Georg Julius Justus Sauerwein (15 January 1831 in Hanover – 16 December 1904 in Kristiania) was a German publisher, polyglot, poet, and linguist. He is buried at Gronau.

Sauerwein was the greatest linguistic prodigy of his time and mastered about 75 languages.

==Biography==
His father was a Lutheran minister of the Evangelical-Lutheran State Church of Hanover, serving in Hanover, Schmedenstedt and Gronau upon Leine. From 1843 to 1848 Sauerwein went to the Gymnasium (comprehensive secondary school) in Hanover. At the age of 17, he studied Linguistics and Theology at Göttingen, but discontinued his studies in 1851 without completing a degree. At age 24 he published an English-Turkish dictionary. In 1873 he was appointed honorary doctor of the George Augustus University of Göttingen.

During the years 1852–1860, Sauerwein made a living in private tutorships; first in Wales, where his introduction to Welsh culture and British concepts of freedom came to set the course of his future commitment to cultural and educational policy. In 1857 he got a position as the private tutor of princess Elisabeth of Wied, who later was to become the celebrated Queen of Romania.

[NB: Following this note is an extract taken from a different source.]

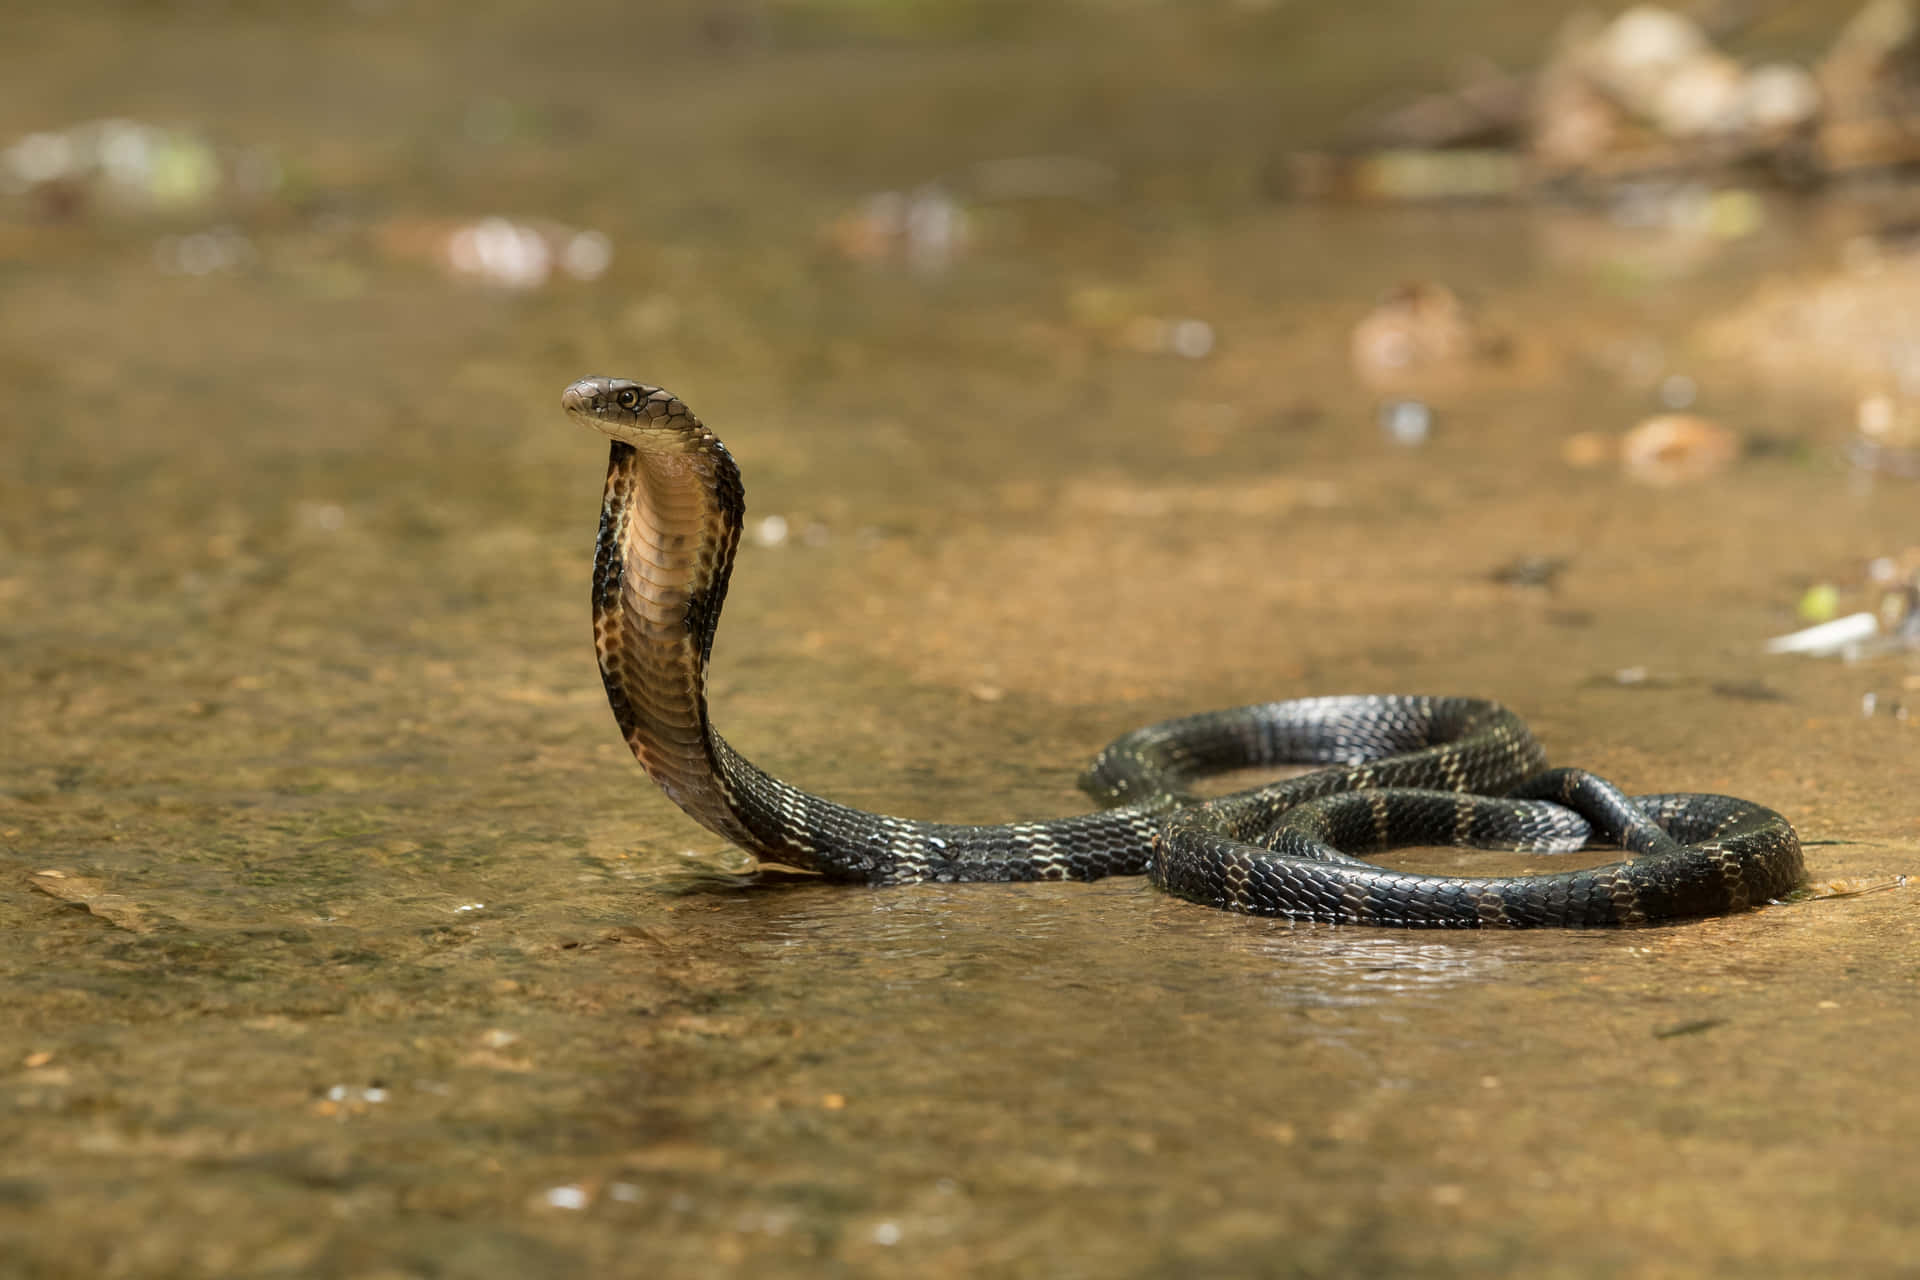 A King Cobra in its Natural Habitat

Later he earned his living as a correspondent counsellor of languages for the British and Foreign Bible Society. During the years 1857–1896, Sauerwein checked and revised a dozen translations for the British and Foreign Bible Society and translated parts of the Old Testament to Madagascan and the Gospel according to St. John to Kabyle.

As an acknowledged pacifist, Sauerwein was involved in opposition to what he perceived as the imperialism of German Empire Germany under the Kaiser. He was a supporter of the minority languages within the German Empire: Sorbian in Brandenburgian Lower Lusatia and Lithuanian in East Prussian Lithuania Minor.

He stayed frequently in Spreewald near Berlin and in Memel (Klaipėda) and Tilsit, where he stood forth as poet, public orator and politician. He ran as a candidate for the Prussian House of Representatives four times and once for the Parliament of Germany, but was never elected. He was accused of being in league both with the Welfish (separatist for re-establishing the independent Kingdom of Hanover) and the Pan Slavonic cause; both considered by the governors to be a threat to German culture and identity. The authorities and the press charged him with unpatriotic activity. In vain he claimed to the contrary that he served his nation by trying to remove the very circumstance that nourished the Pan Slavonic movement — the suppression of minorities. If allowed to be left in peace with their own culture, they would stay as loyal citizens as ethnic Germans themselves, he argued.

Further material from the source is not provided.